Slowdown Persists Across Fundamentals
Halfway through the year, an overall softening continued across multifamily fundamentals in the metro, according to the latest Atlanta multifamily market report. Rent movement remained negative, with the average advertised asking rent down 0.1% on a trailing three-month basis through June, to $1,638. Year-over-year, Atlanta posted the second-largest decline among major U.S. markets, with the average down 3.6%, as reported in the national multifamily outlook. Meanwhile, the national rate increased 0.6%, to $1,739, over 12 months. Atlanta occupancy also slid, down 80 basis points year-over-year, to 92.4%, in May.

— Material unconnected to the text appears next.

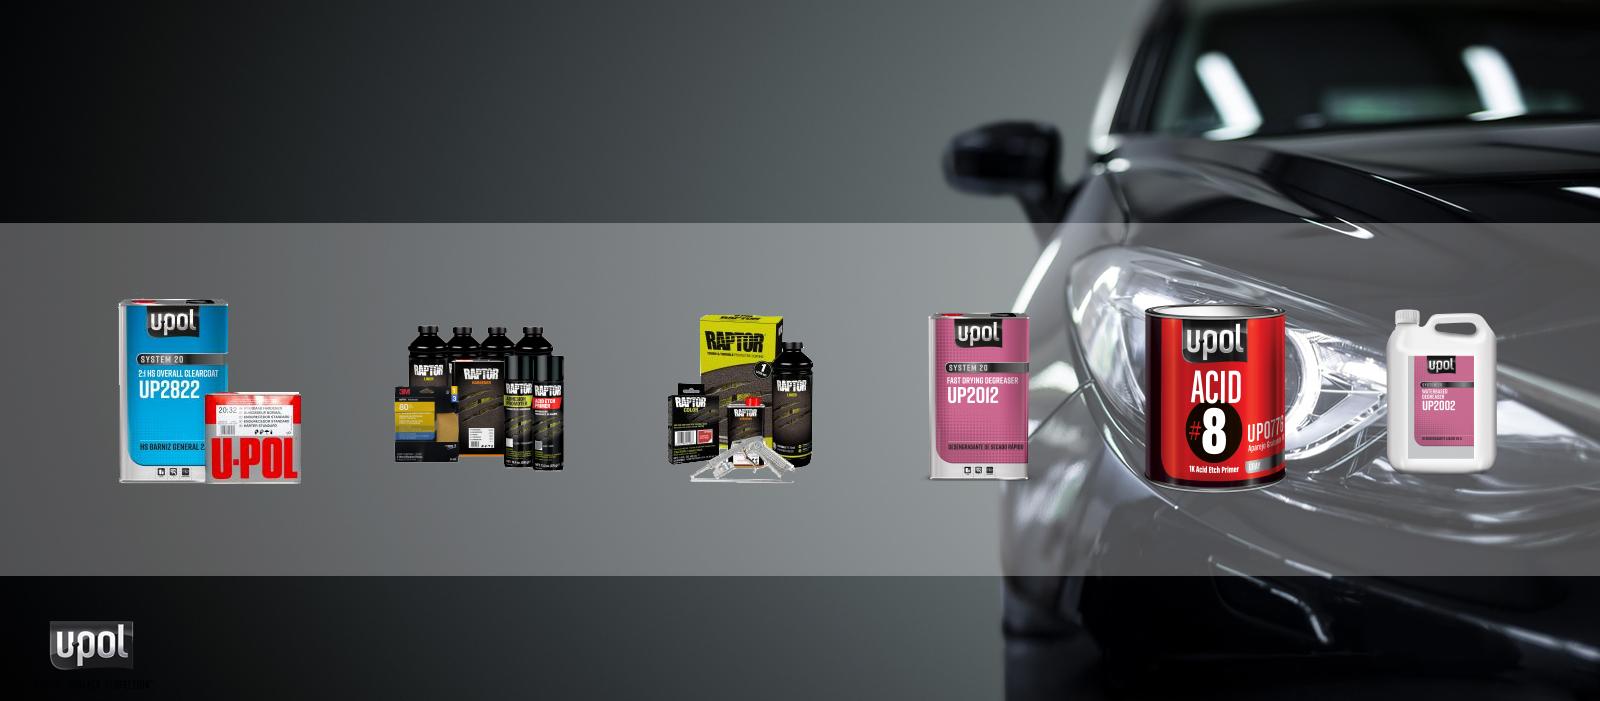 Restomotive - U-POL Products for Sale
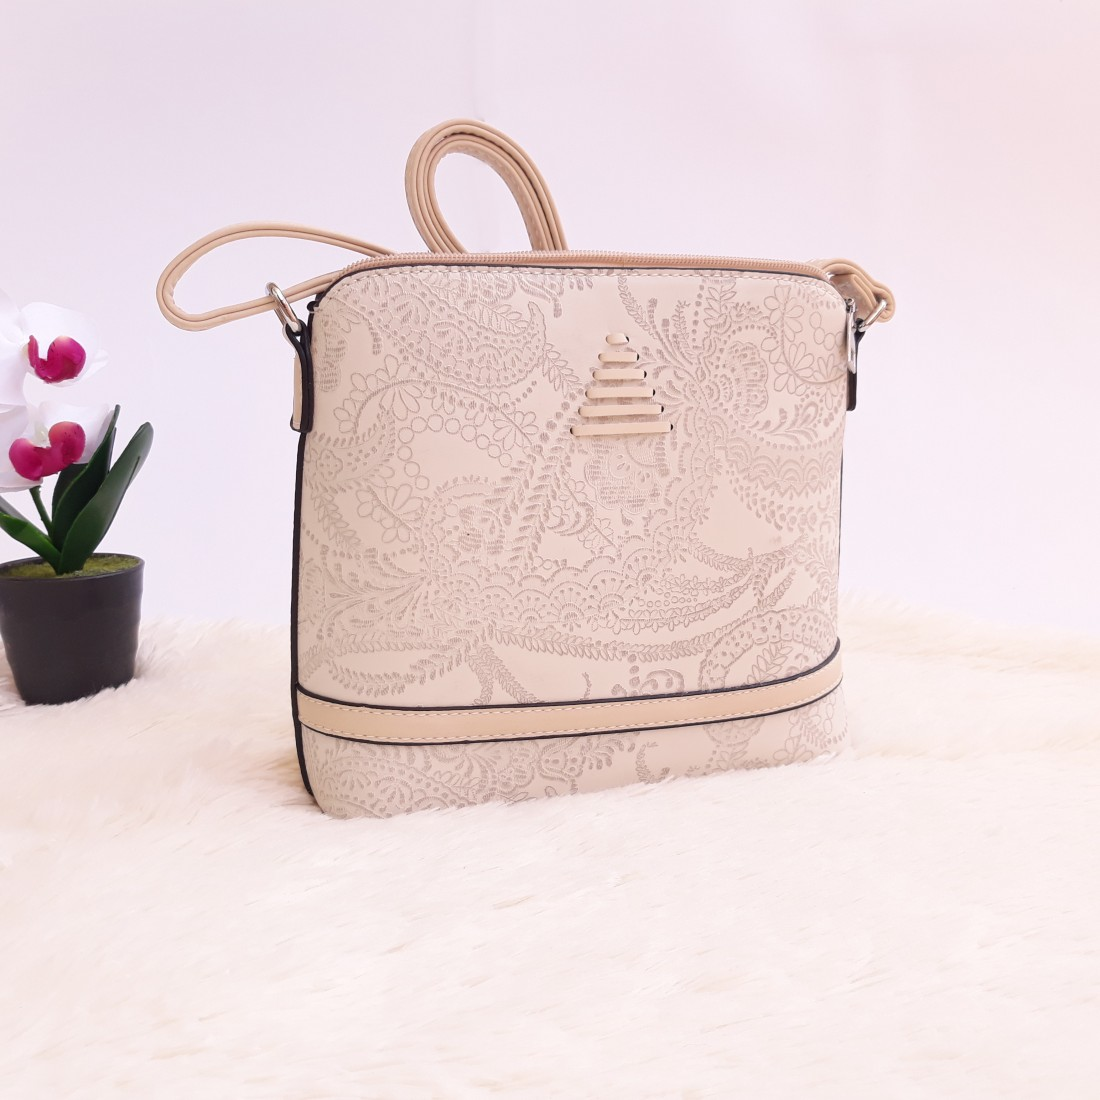 Дамска чанта през рамо - код 2913 - бежова

In the 12 months ending in April, Atlanta employment expanded 1.1%, adding 38,800 net jobs and trailing the 1.4% U.S. rate. Unemployment stood at 3.4% as of May, according to data from the Bureau of Labor Statistics, below the national average (4.0%) but lagging the state (3.2%). Two sectors lost 23,800 jobs combined over 12 months—trade, transportation and utilities and information. Meanwhile, job gains were highest in education and health services (17,500 jobs) and government (16,100 jobs). Meanwhile, work continues on several billion-dollar projects, but Rivian Automotive paused the construction of its $5 billion truck factory.
Developers delivered 5,649 units in 2024 through June and had another 36,575 apartments under construction, most of which were in the upscale segment. Meanwhile, transaction activity remained slow, totaling $1.2 billion during the first half of the year, for a price per unit that declined roughly 10%, to $167,424.